Linguistics 203: Handout
Week 1: September 25, 2002


Using Corpora to Test Claims about Idioms


I. Riehemann (2001) cites Jackendoff (1997; 170) as claiming that the idiom 'raise hell' is syntactically inflexible, specifically unpassivizable. But the following all appear in the NYT corpus:

  1. So much hell was raised that the biologists threw up their hands in surrender .
  2. ...the internal investigation was reopened "in part because of the hell that Plitman raised about Newcomb's role in Leatherneck."
  3. Few folks in the Apple speculated on the hell that would have been raised by George Steinbrenner if the Yankees had been similarly robbed at Camden Yards.
  4. ...but how much hell can you raise at Jack-in-the-box?
  5. All that was really raised was a little hell and a lot of dust.
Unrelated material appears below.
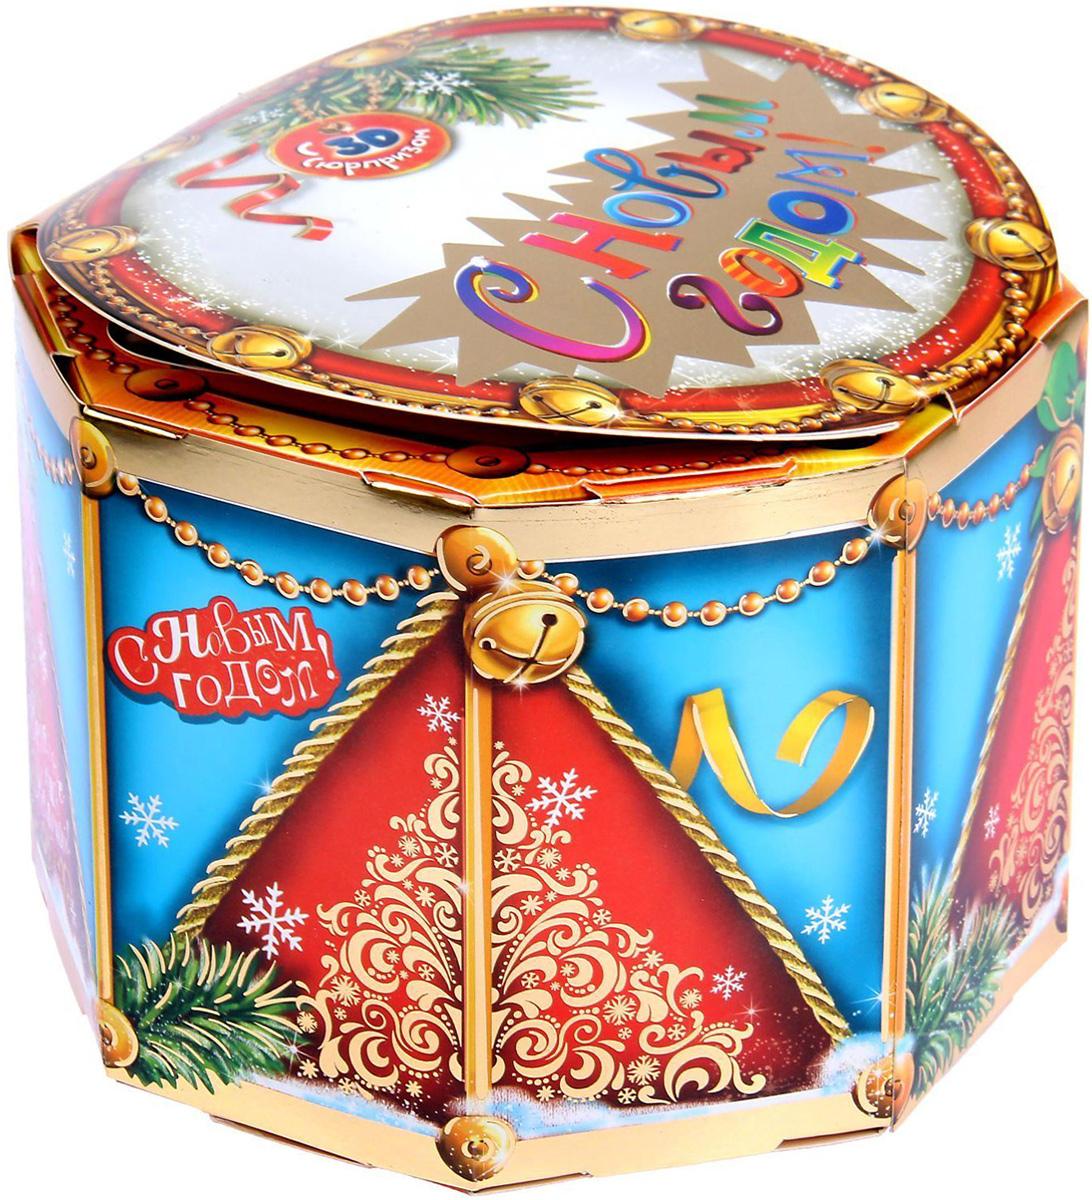 Коробка складная Sima-land Заяц с барабаном, 17 х 17 х 12,5 см1128418Любой подарок начинается с упаковки. Что может быть трогательнее и волшебнее, чем ритуал разворачивания полученного презента. И именно оригинальная, со вкусом выбранная упаковка выделит ваш подарок из массы других. Она продемонстрирует самые теплые чувства к виновнику торжества и создаст сказочную атмосферу праздника.

II. Koopman and Sportiche (1991) make the following claim, which is repeated by Richards (2001):

Consider 'the cat...out of the bag'. This idiom virtually always occurs in a phrase headed by a verb, but the verb is not part of the idiom. It is sometimes listed as 'let the cat out of the bag', but Riehemann (2001) found that 23 of 48 occurrences in the NYT corpus did not contain 'let'. Of the others 14 were headed by 'is' or 'was', but other verbs (such as 'get') also occurred.

III. Idioms with double passives (e.g. 'take advantage') show an overwhelming tendency to use the inner passive when the idiomatic noun is modified, and virtually never use the outer passive when the noun is modified. Nunberg, et al (1994) searched a very large corpus of American newspapers for outer passives of this idiom and found over 1200 exemplars. Of these, only the following three had anything between 'taken' and 'advantage':

  1. It would be very hard to enforce, and it will be taken unfair advantage of.
  2. Not even six Cochise fielding errors were taken full advantage of.
  3. She is pretty and she also has a personality, but does not wish to be taken such advantage of and hold the left-handed compliments, too.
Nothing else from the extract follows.